Your goal:
Reproduce the listing below exactly, except for its pictures.

Recorded data:
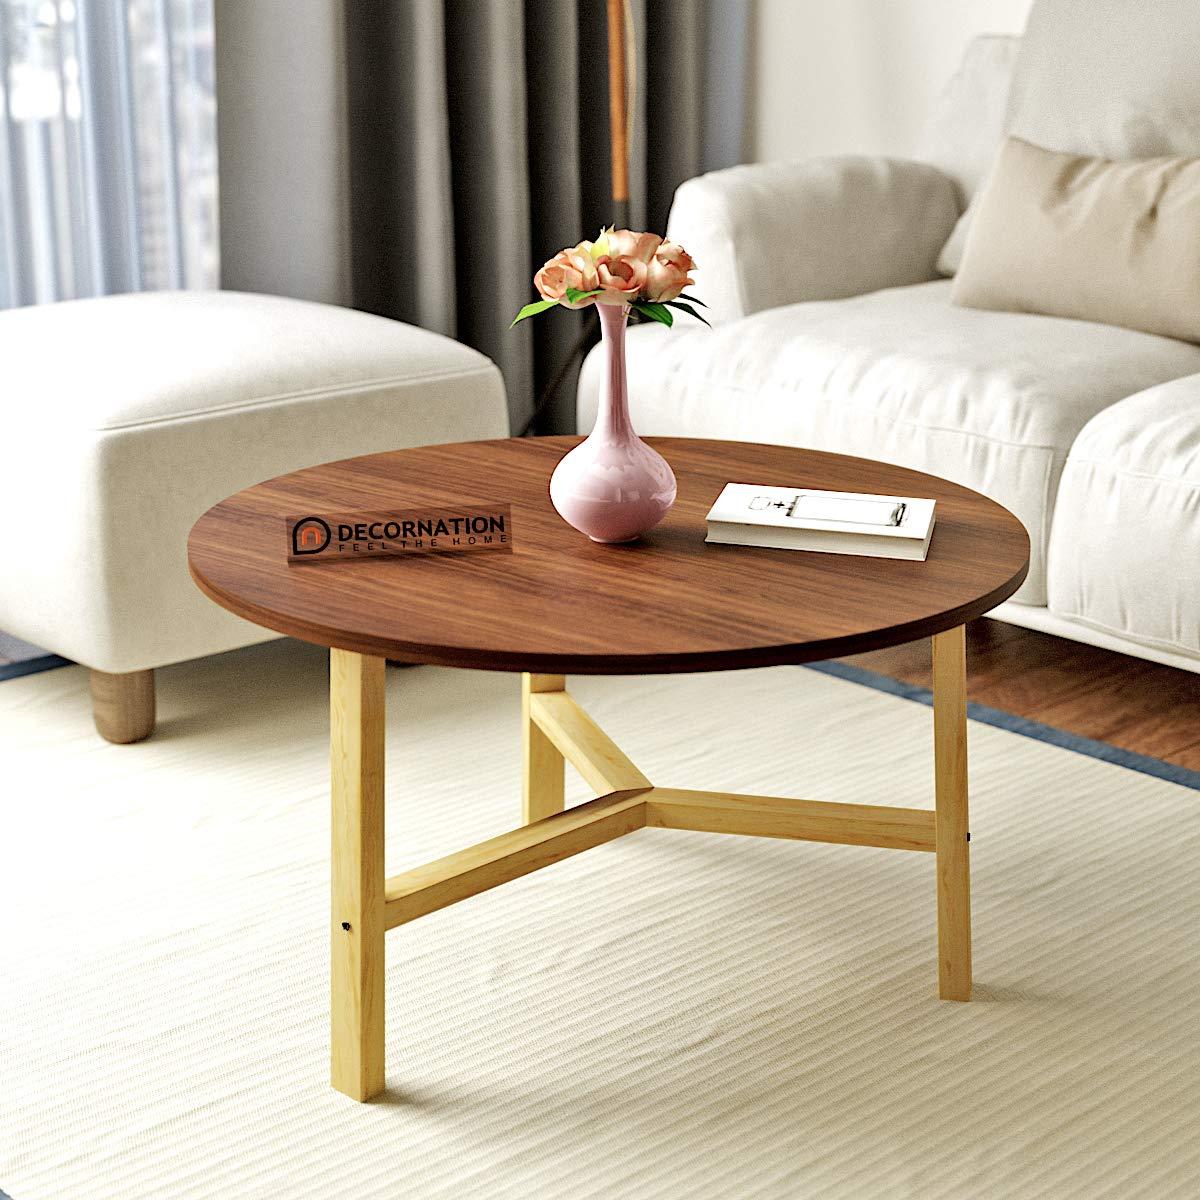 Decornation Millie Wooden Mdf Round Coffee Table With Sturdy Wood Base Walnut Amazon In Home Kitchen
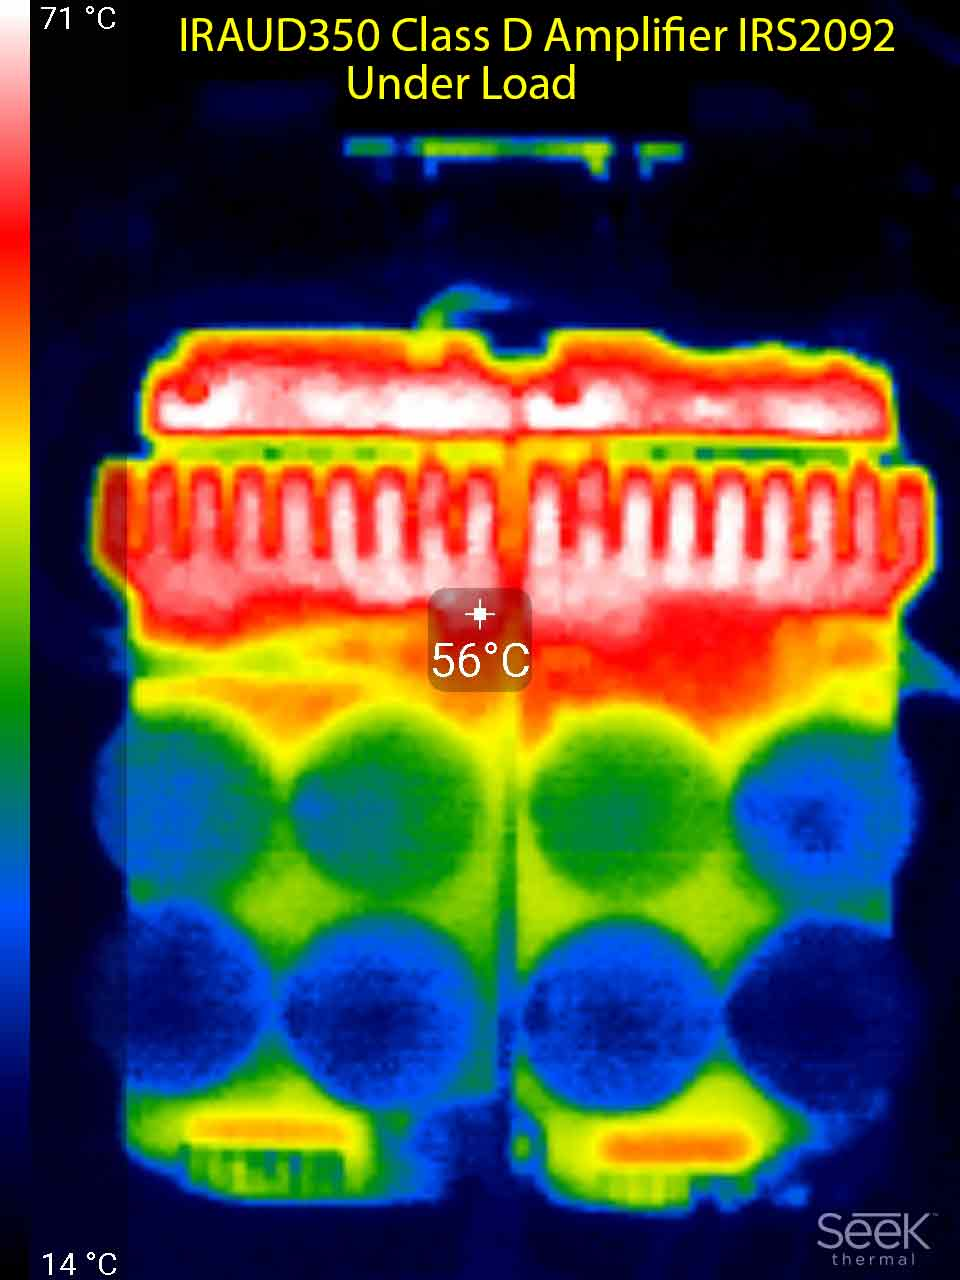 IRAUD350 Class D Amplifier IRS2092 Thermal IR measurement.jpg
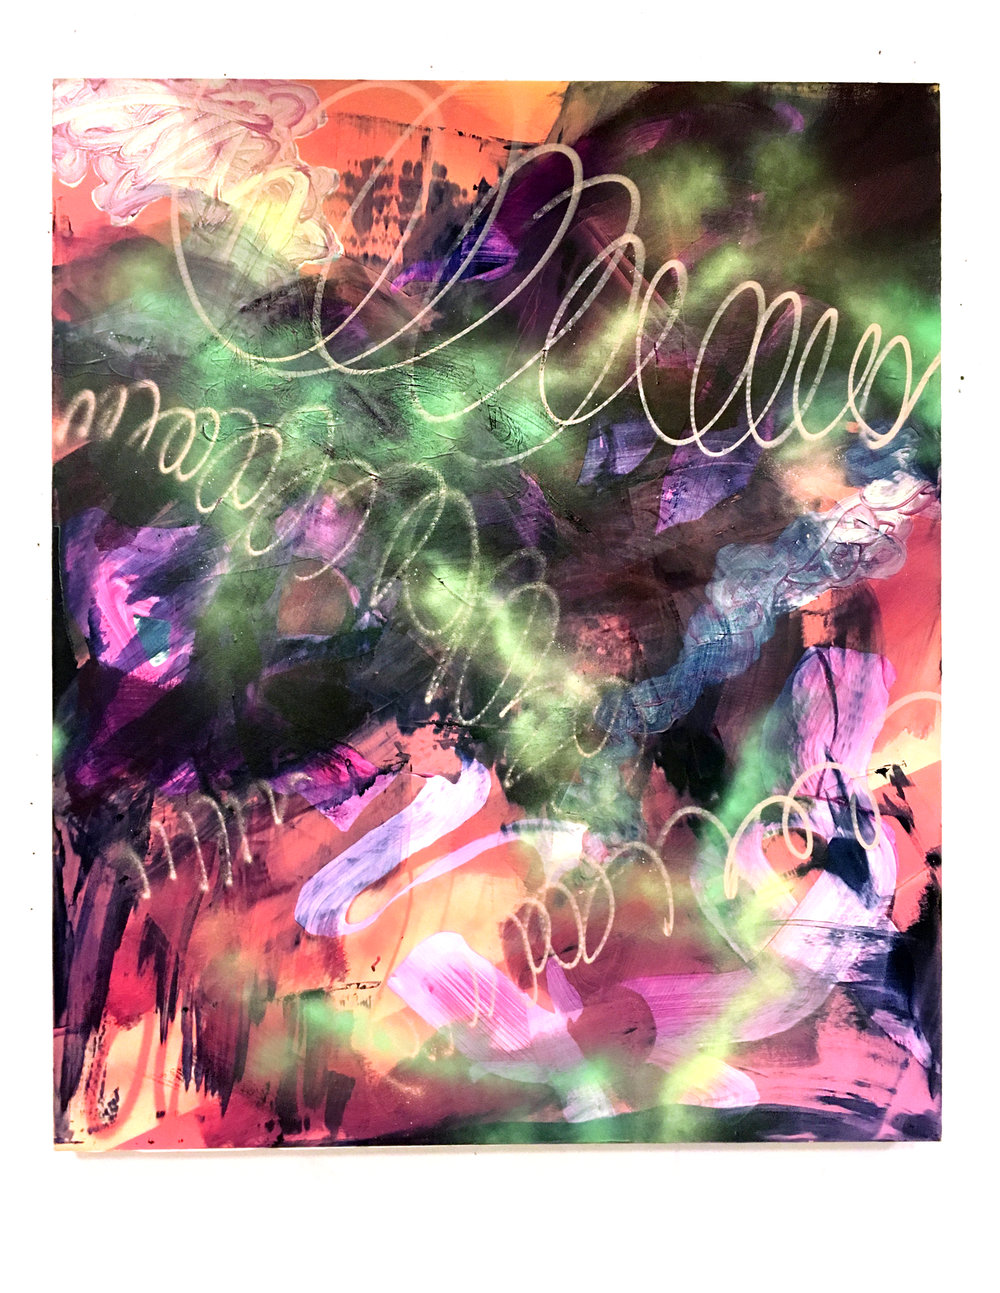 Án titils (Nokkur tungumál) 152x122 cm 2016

Response:
 Decornation Millie Wooden Mdf Round Coffee Table With Sturdy Wood Base Walnut Amazon In Home Kitchen
 IRAUD350 Class D Amplifier IRS2092 Thermal IR measurement.jpg
 Án titils (Nokkur tungumál) 152x122 cm 2016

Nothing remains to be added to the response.